In one embodiment of the invention it is provided that the errors in the context of an error inspection during the laying process recognized / whose coordinates are determined and entered into the computer system. In this embodiment the operator of the laying machine can overlook the effects of the error before the laying process is finished will have, i.e. whether it will be in the middle of a cut part or in the waste, so that the necessary Measures can be taken.

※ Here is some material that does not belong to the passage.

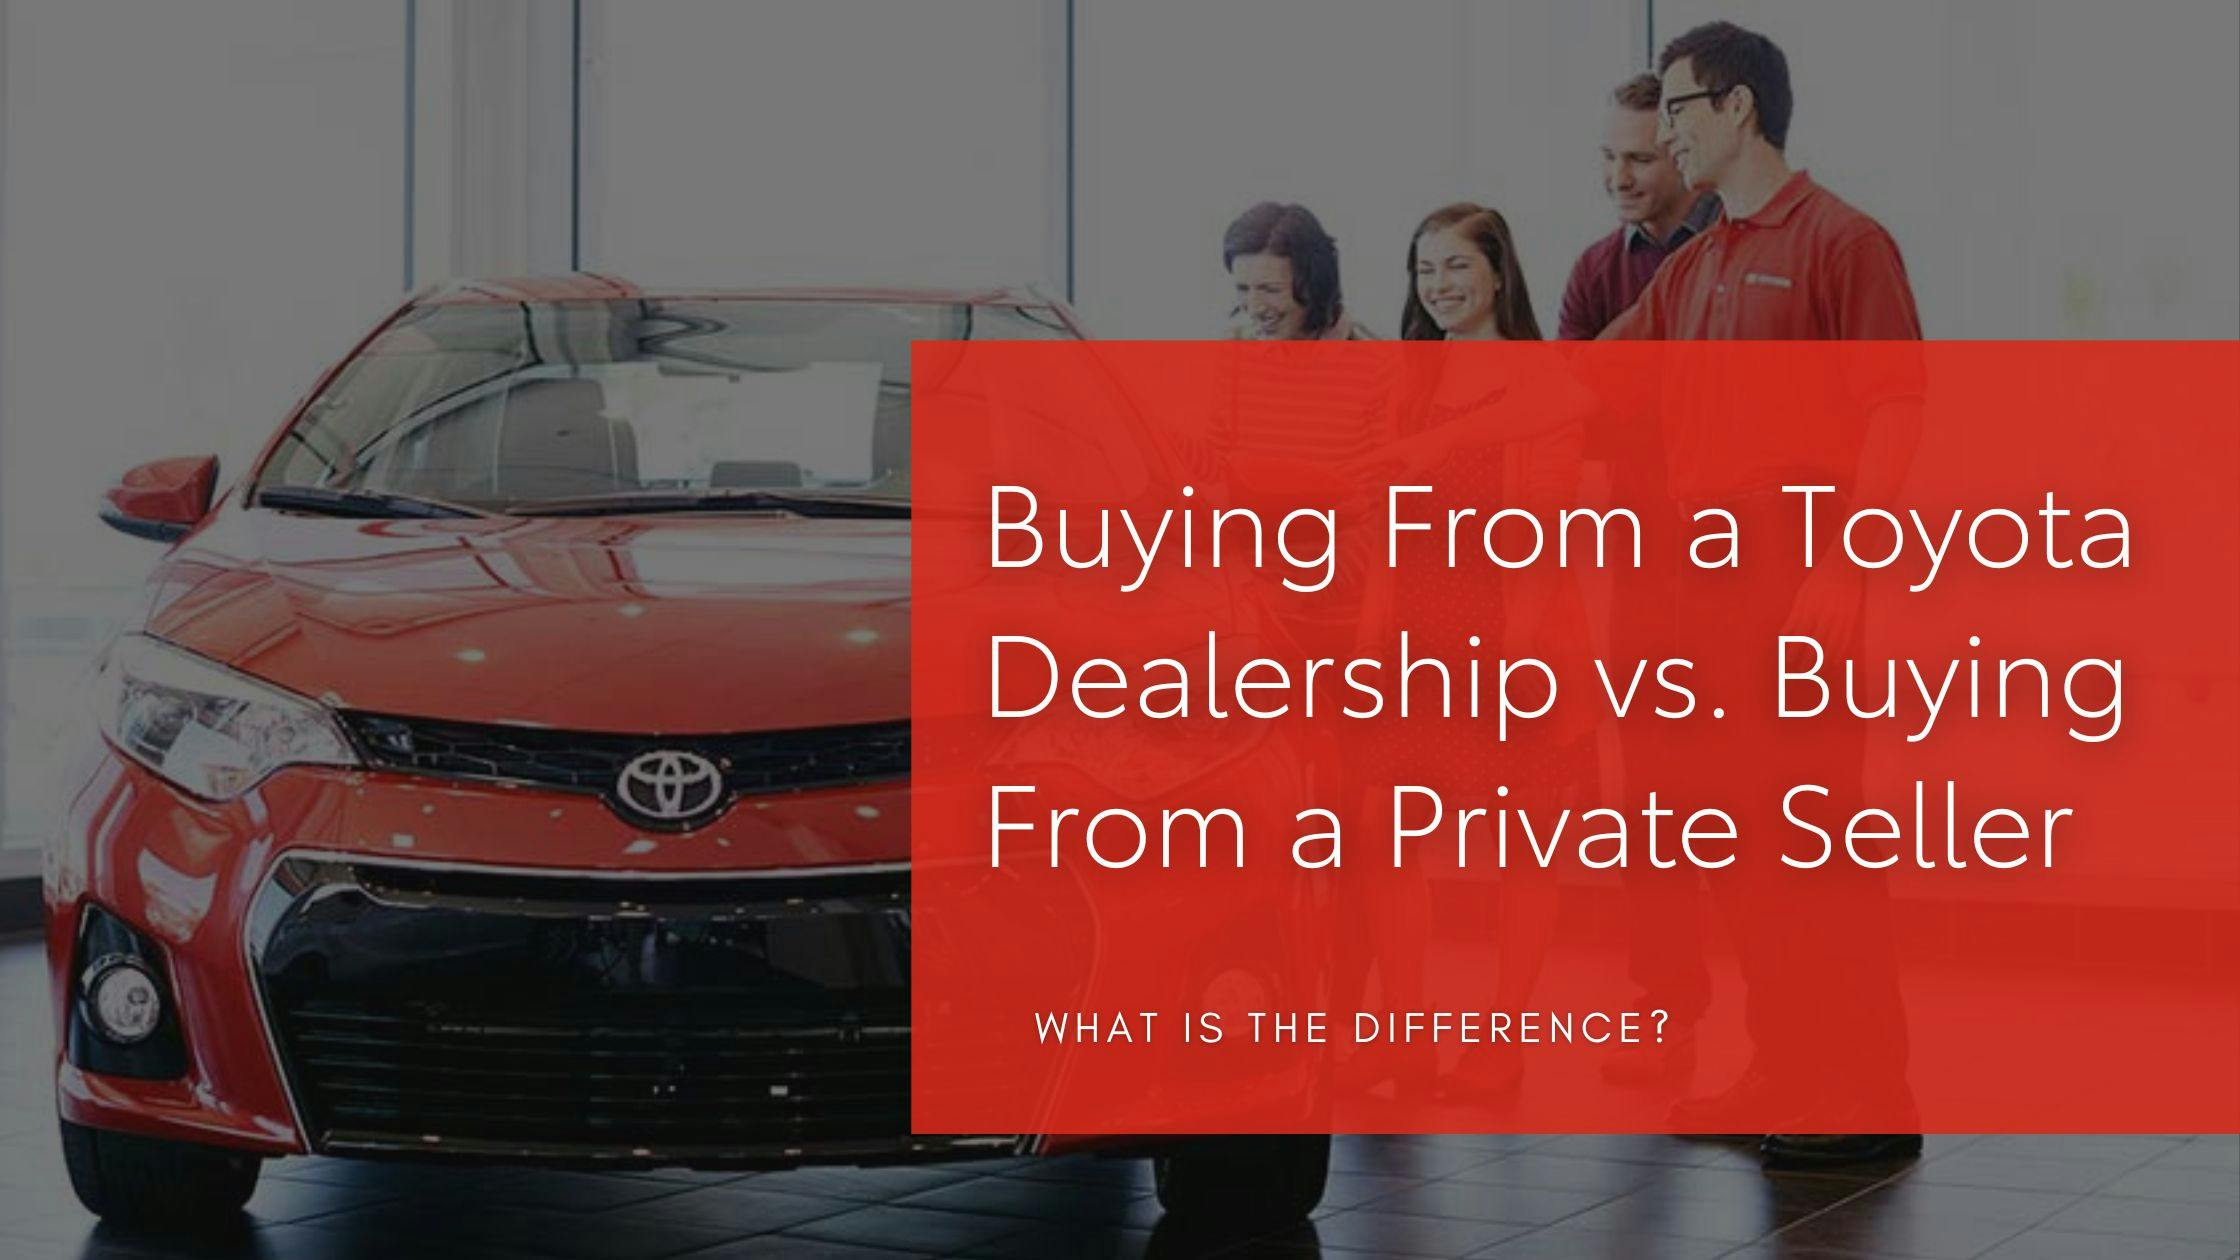 Buying From a Toyota Dealership vs. Buying From a Private Seller

The disadvantage of the exemplary embodiment mentioned is that, despite the possibilities, all effects to recognize the error must be laid very slowly, since the error look during the laying process of Speed decreased. For this reason, it is advantageous if a location with an error occurs before the Laying process recognized in the context of a goods inspection by means of a goods inspection machine and provided with a marking and if the coordinates of the error are determined during the laying process and entered into the computer system. These Procedure allows the fabric to be laid with a Significantly greater speed, since only one has to pay attention to an already existing marking, which

August 22, 1984

is much easier to see than, for example, a weaving defect in the fabric.

Another advantageous embodiment of this method can be seen in the fact that the marking is carried out on the laying machine arranged sensors that react to them are detected, their coordinates are determined automatically and stored in the computer system can be entered and that the laying machine is stopped after detecting a marking. This means that the operator does not have to pay attention to the markings, so that this is essential with the laying machine can be driven faster. All that remains is to recognize the error relative to the cut parts on the Cutting pattern and developing the necessary strategy for the further laying or cutting processes.

Another embodiment of the method provides ^for: the errors prior to the laying operation as part of a cloth inspection detected by means of an inspection machine, the coordinates determined and immediately entered into the computer system. In this case, the sensors for detecting the markings can be dispensed with, and it is possible to recognize before the start of the laying process how the faulty locations are relative to the cut parts and thus it is possible to determine at the beginning of the laying process, At which points a flaw should or should not be cut out and how the fabric can be laid in the most favorable way so that as many flaws as possible are in the waste.

In all previous embodiments of the invention Method can be used to increase the laying speed

August 22, 1984

It is possible to dispense with the errors that occur in cut parts are to be cut out when the computer system has all of the faulty ones in each material web of a stack of layers Cut parts determined and documented. This eliminates the time-consuming stopping of the spreading machine and Overlapping, so that especially with less expensive fabrics faulty cut-to-size parts are accepted, but this is due to the documentation of the computer system can be sorted out accurately after cutting. Furthermore, this process can be improved by that the computer system creates a marker for a new cropping This compiles the identified and documented defective parts so that after the laying process has ended for a stack of layers it is already known which cut parts are faulty and thus recut must be, being carried out by the computer system at the same time a layplan is created for all cut parts to be re-cut.

Provided that it is not possible to do without cutting out the errors, because those with errors have to be sorted out and thrown away Blank parts would be too expensive in all of the above-mentioned exemplary embodiments of the method according to the invention provided that the computer system when laying the fabric For each stack of layers, it is determined which part of the material web is cut out and from which point onwards it overlaps is passed on. As a result, valuable time can be saved when laying the fabric because the operator no longer has to make a decision in this regard. This procedure also makes it possible to complete the laying process to automate when the coordinates of the error of the spreading machine are accessible.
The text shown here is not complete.